这里主要是对前面基于Attention的seq2seq的实战,通过seq2seq来对图片进行描述,废话不多说,一起动手吧
目录
一、数据集
1.1、读取文本标签并存储
1.2、将图片转化为特征数据并存储
1.3、对文本数据进行预处理——过滤、建立字典、对齐和向量化
1.4、创建数据集
二、基于Attention的seq2seq模型搭建
2.1、编码器
2.2、构建Bahdanau类型的注意力机制
2.3、解码器
三、在动态图中训练seq2seq模型
3.1、定义模型
3.2、模型训练
四、模型预测及使用
六、总结
COCO数据集是微软发布的一个可以用来作图像识别的熟练数据集,图像主要从复杂场景中截取。这里我们使用COCO2014的数据集来为图片添加描述,COCO数据集的下载地址:
http://cocodataset.org/#download
该训练集主要包括:训练集图片82783张、验证集40504张、测试集40775张,共分成80个类。
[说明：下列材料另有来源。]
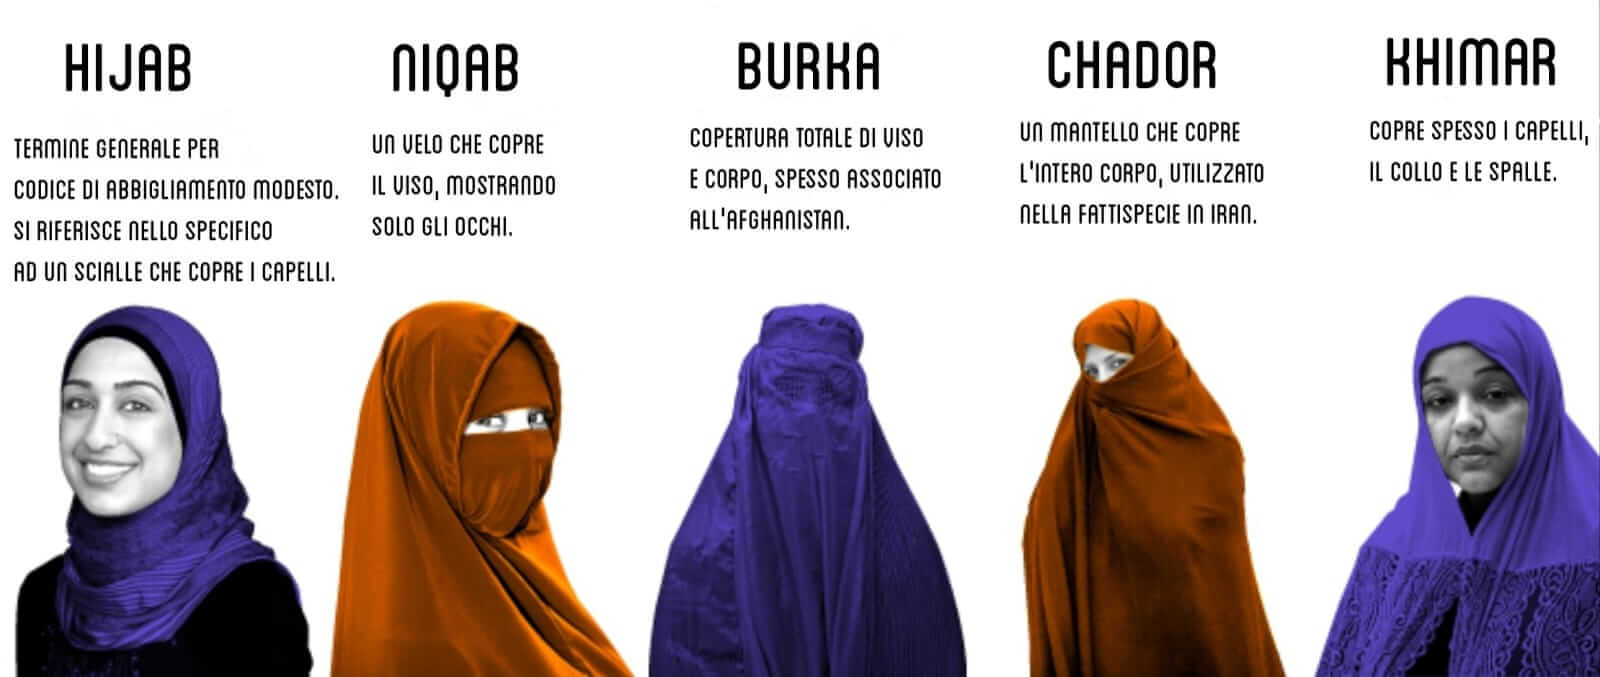 Differenze hijab niqab burka, perché le donne musulmane indossano il hijab, perché le donne musulmane portano il velo, perché le donne musulmane portano il hijab, cos'è il hijab, cos'è il velo islamico
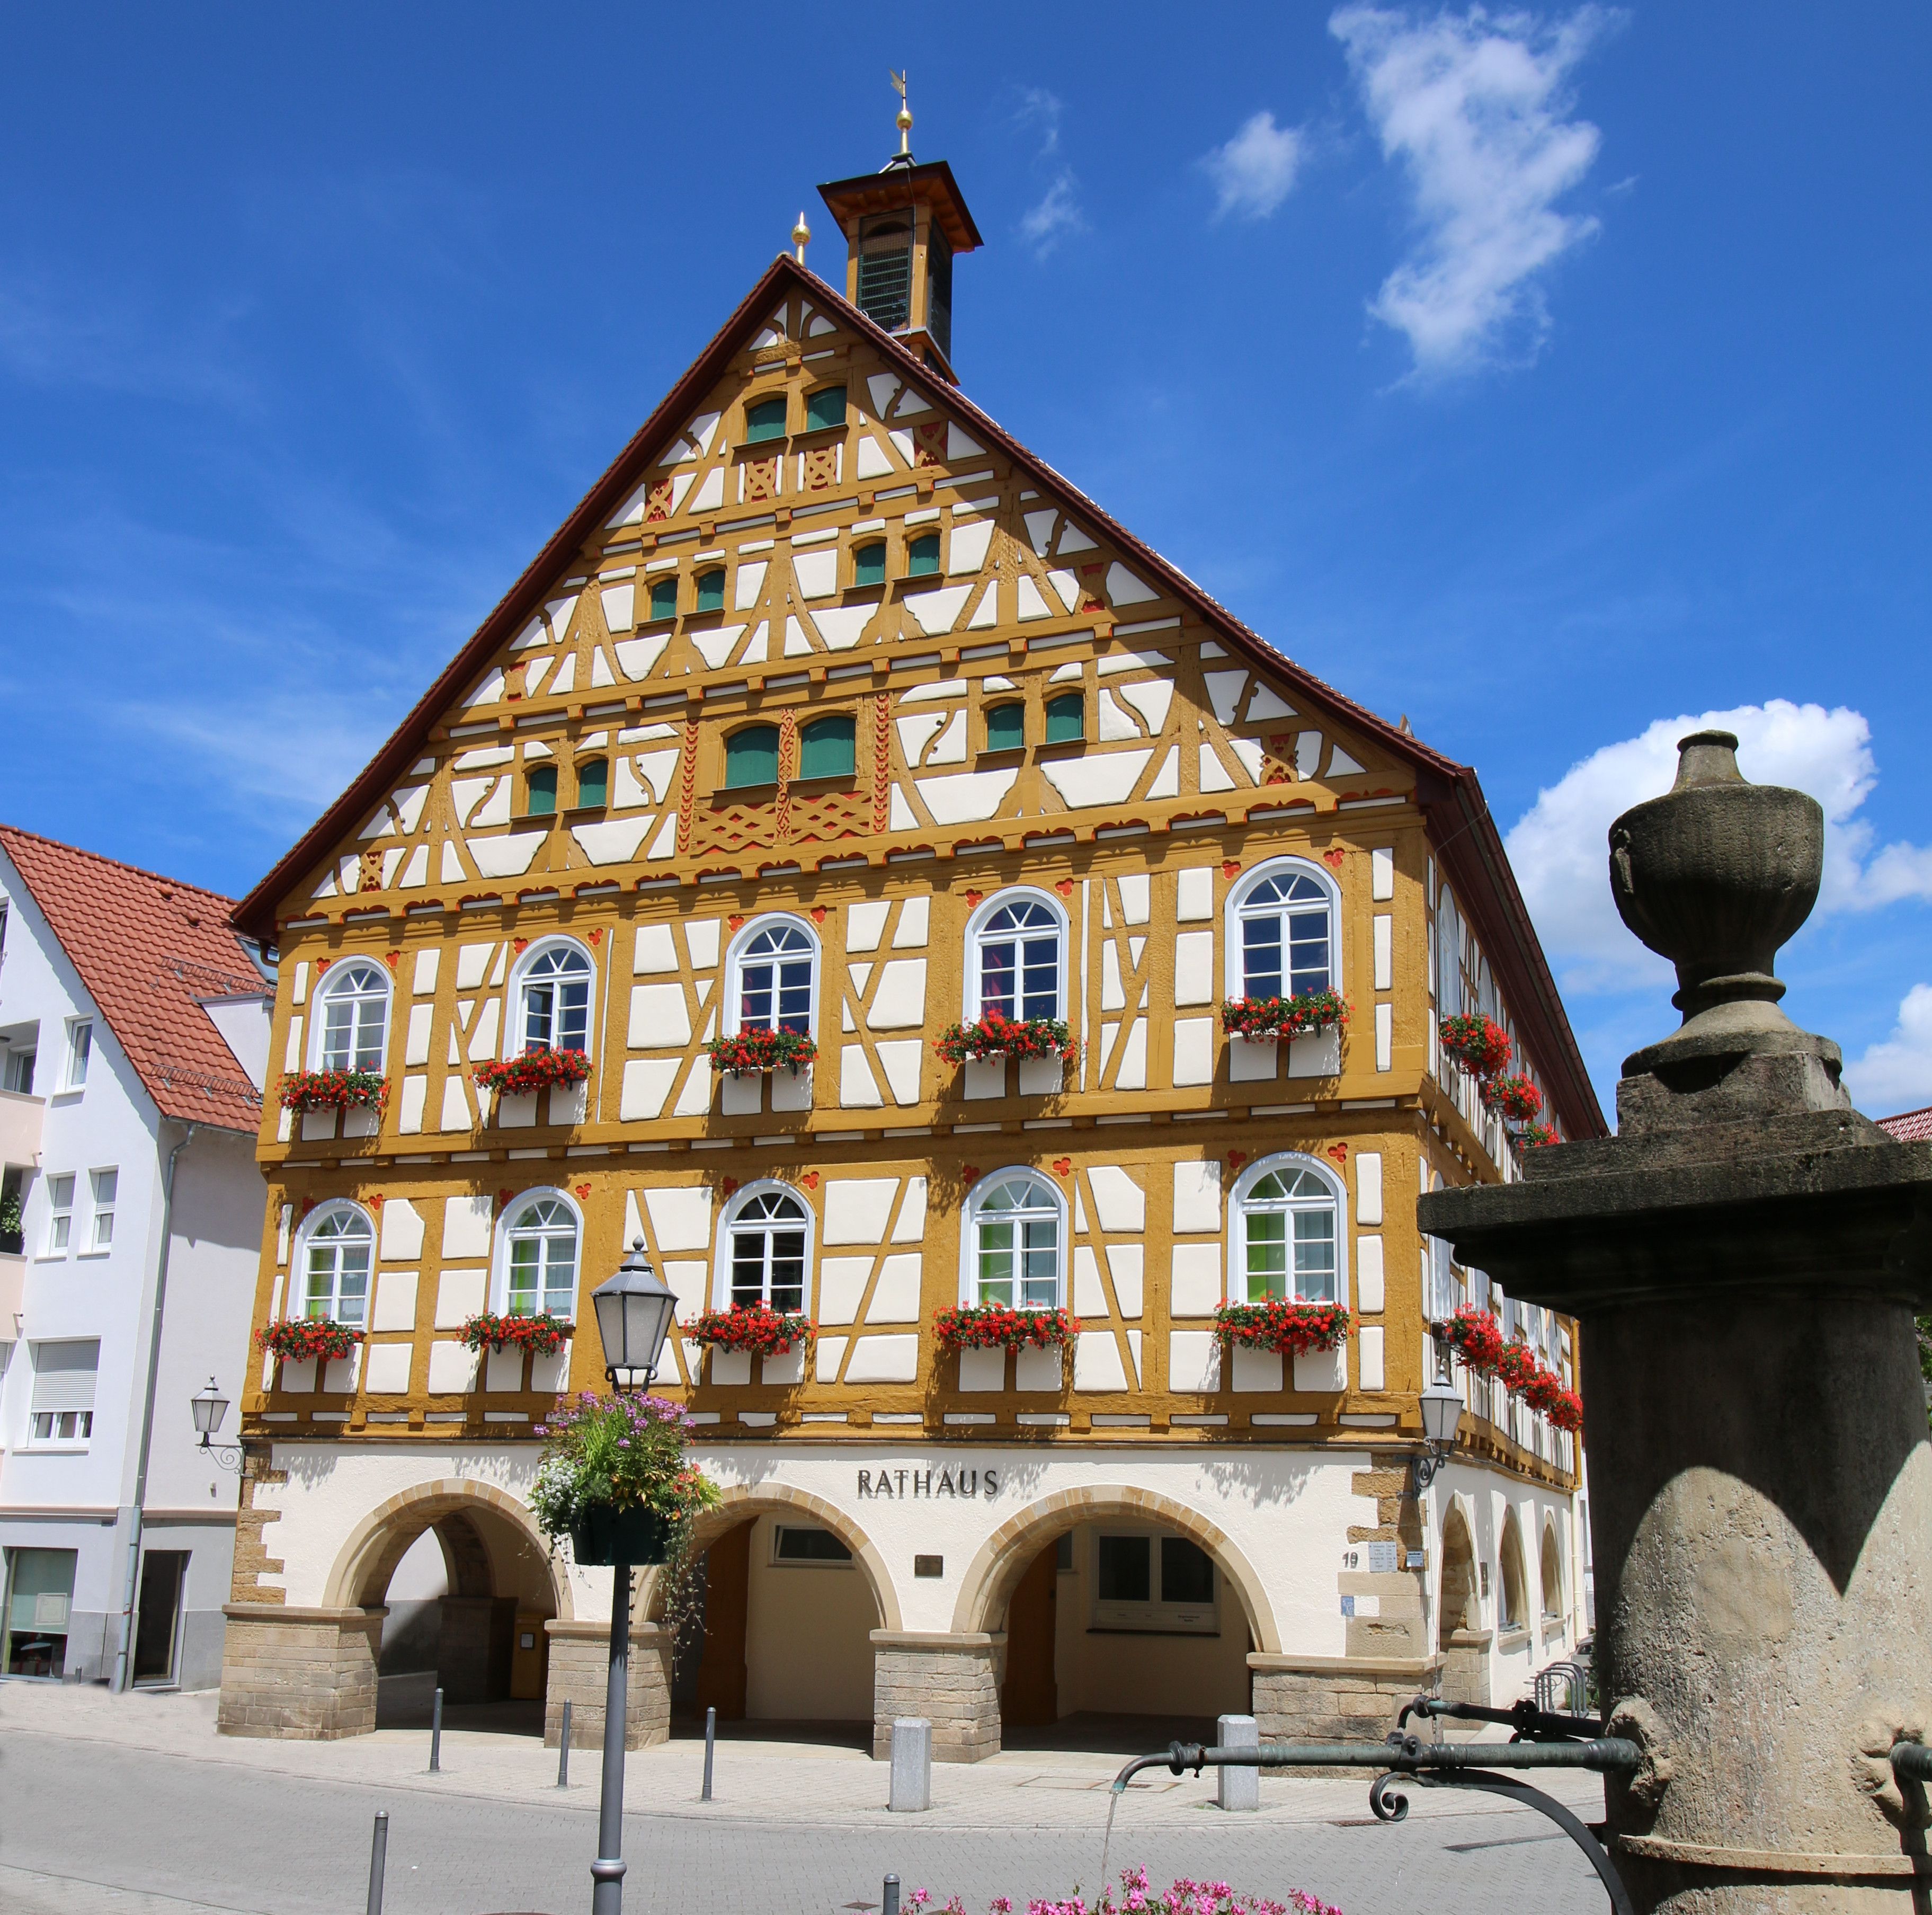 Rathaus Neuffen

并配有目标检测的矩形标注、语义分割的散点标注、基于人体关键点的标注以及对图片的描述标注。
由于COCO2014数据集过多,这里只选取300张图片用于训练演示,其具体的实现步骤如下:
从上面步骤可知,我们需要将图片进行特征提取并转化为.npy格式的数据,并将该特征向量作为编码器的输入数据,这里我们采用已经定义好的Reset50模型进行提取特征,所以我们还需要下载相关预训练模型:
resnet50_weights_tf_dim_ordering_tf_kernels_notop.h5
这里我们提供了已经训练好的ResNet50预训练模型,以及已经提取特征后的训练数据,方便下载,具体地址为:
链接: https://pan.baidu.com/s/13ne5HuovZKvqvPHwNVrpvw 提取码: deea
通过train_caption 、img_filenames 来存储文件名及其描述标签,这里我们需要为图片描述标签的首末加上
with open(annotation_file, 'r') as f: # 加载标注文件
annotations = json.load(f)
train_caption = [] # 存储图片对应的标题
img_filenames = [] # 存储图片的路径
# 获取全部文件及对应的标注文本
for annot in annotations['annotations']:
caption = ' ' + annot['caption'] + ' '
img_id = annot['image_id']
full_coco_image_path = 'COCO_train2014_' + "%012d.jpg" % (img_id)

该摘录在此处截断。